My pidge sometimes lands on the back of my Lab, who gives me this look like "get her OFF, please???" but would not harm my pidge for anything. I keep a close eye on the dogs when the birds are out, but they've been trained to ignore the birds and they do, other than picking up dropped food and eating it. And all mine are flighted. Maggie (the rest are parrots and a starling) is the only one who's willing to get anywhere close to the dogs.


----------



## Jay3 (May 4, 2008)

Did it ever occur to you that if they don't have any fear of your dogs, and should meet up with a different dog, that the lack of fear could be to their detriment? The natural fear they should have of a predator, which they don't have, could get them killed.


----------



## Siobhan (Dec 21, 2010)

For my birds, that's highly unlikely. They're all indoor birds and won't be meeting dogs that aren't part of the family. Perhaps the OP has an outdoor coop and hers fly free and might encounter other dogs?


----------



## PapiZ28pigeons (Jan 17, 2013)

I do have an outdoor coop, but right now i only release the one that's injured and can't fly.this way he can still get out and exercise. The others I've only had for less than 1month and don't want to attempt release them for fear they won't come back.im still new to pigeons and only started keeping them when i rescued the first.thanks for the advice about fear of other dogs. I didn't think about that.


----------



## PapiZ28pigeons (Jan 17, 2013)

Jay3 said:


> Did it ever occur to you that if they don't have any fear of your dogs, and should meet up with a different dog, that the lack of fear could be to their detriment?

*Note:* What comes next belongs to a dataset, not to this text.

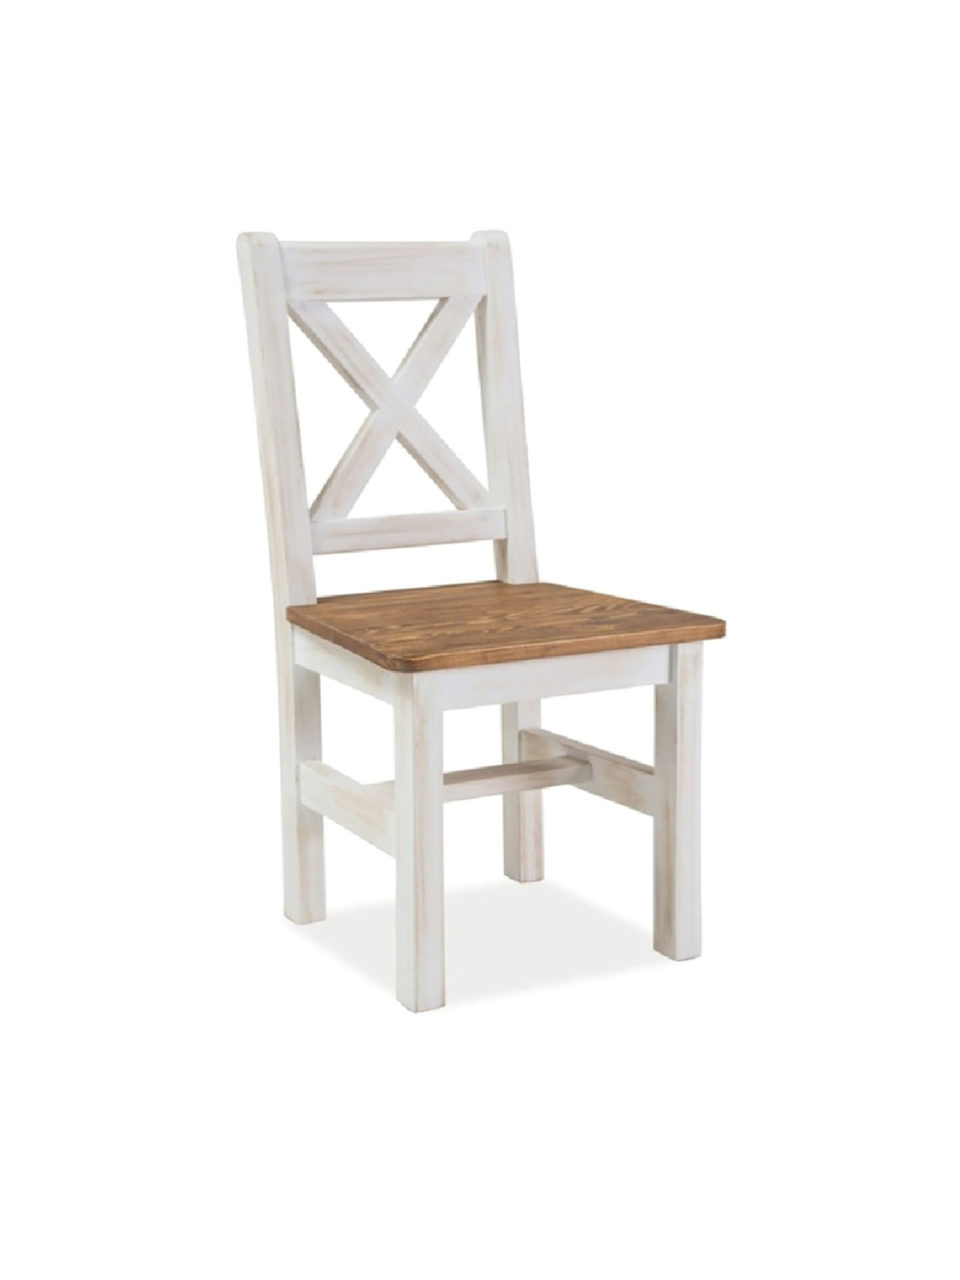 стулья для кухни деревянные белые со спинкой
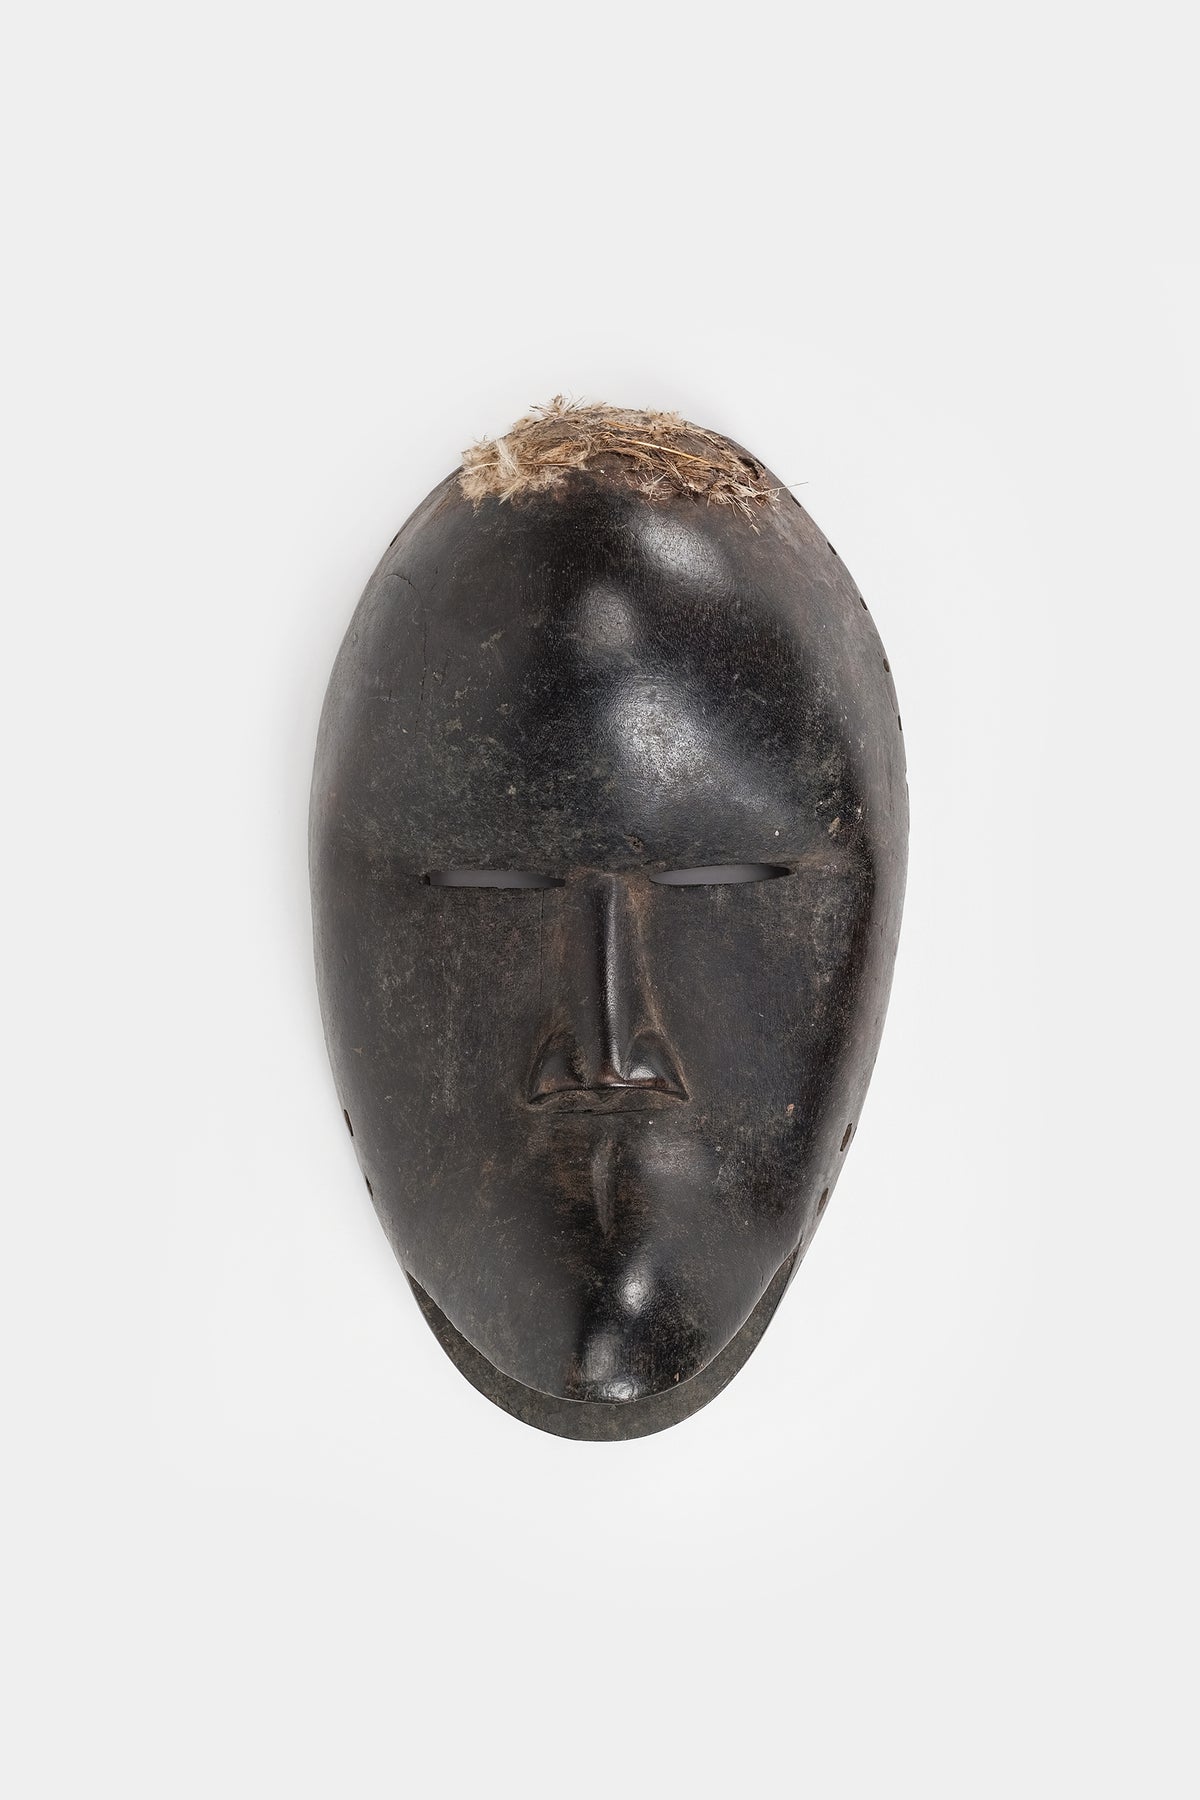 Mask, Ivory Coast, 20s

The natural fear they should have of a predator, which they don't have, could get them killed.


So as it turns out my pigeons are able to differentiate between my dogs and dogs they don't know. A neighbors dog had gotten out of their yard and i took him in until the owners returned from work that same day. Although the pitbull had no interest in the pigeons what so ever, the pigeons quickly saw him as a predator or as a threat and panicked as they watched him through the cage. Needless to say i had to put the dog in another part of the yard to calm them down. I thought it would be a good idea to post this encased anyone else ran into the same situation
As far as cats go they know enough to stay away.


----------



## Jay3 (May 4, 2008)

Well that's great. Thanks for sharing.


----------



## hamlet (Oct 26, 2004)

hello. Pigeons are smart. they get used to things. My birds panic from dogs. And they do not like strangers. Once i got a few birds to become friends with a nice cat. My friends' rottweilers protect the pigeons from hawks. Thanks.


----------



## The Pigeon Girl (Jul 3, 2010)

I have a blacknose pitbull named Ty, and i can let out my birds to fly and he protects them. Even tried to go after a hawk or two. i trained him at 7 or 8 months i believe. We also think he may have learned from our 9 year old lab who has had them around him snce he could last remember.Hes use to having pigeons ducks and any type of animal i had. lol My birds i guess feel safe around ty, because they love to all be around him while they walk around. none of my birds are scared of our dogs.


----------



## DeeDee's Mom (Dec 17, 2011)

I've been wondering something, and since this thread seems to be talking about it, I thought I'd chime in. DeeDee, our ringneck dove, is not at all afraid of our dog. We used to have a 160 lb Great Pyrenees who didn't care for the bird because DeeDee would land on him, or even dive bomb him. He would just run away. But we had to put him to sleep (extreme old age), and now have an 8 month old Great Pyrenees pup. At first, when she was little, she wanted to chase DeeDee and catch him, but she seems to realize now that DeeDee is ours and that she is not to hurt him (not that we don't keep an eagle eye on them when DeeDee is out). My question is...because people keep saying dog saliva is toxic to birds, I kind of worry, because DeeDee will walk up to MIa while she's laying on the floor and will preen her nose. Mia just lies there with this look, like, "Gee, that feels funny", but she doesn't move away. Should I be worried about DeeDee getting sick? He's been doing this for months now, and hasn't gotten sick, but I do worry....


----------



## Lefty07 (Dec 30, 2009)

I never heard about dog saliva being so dangerous to birds. I thought it was cat saliva that was bad. 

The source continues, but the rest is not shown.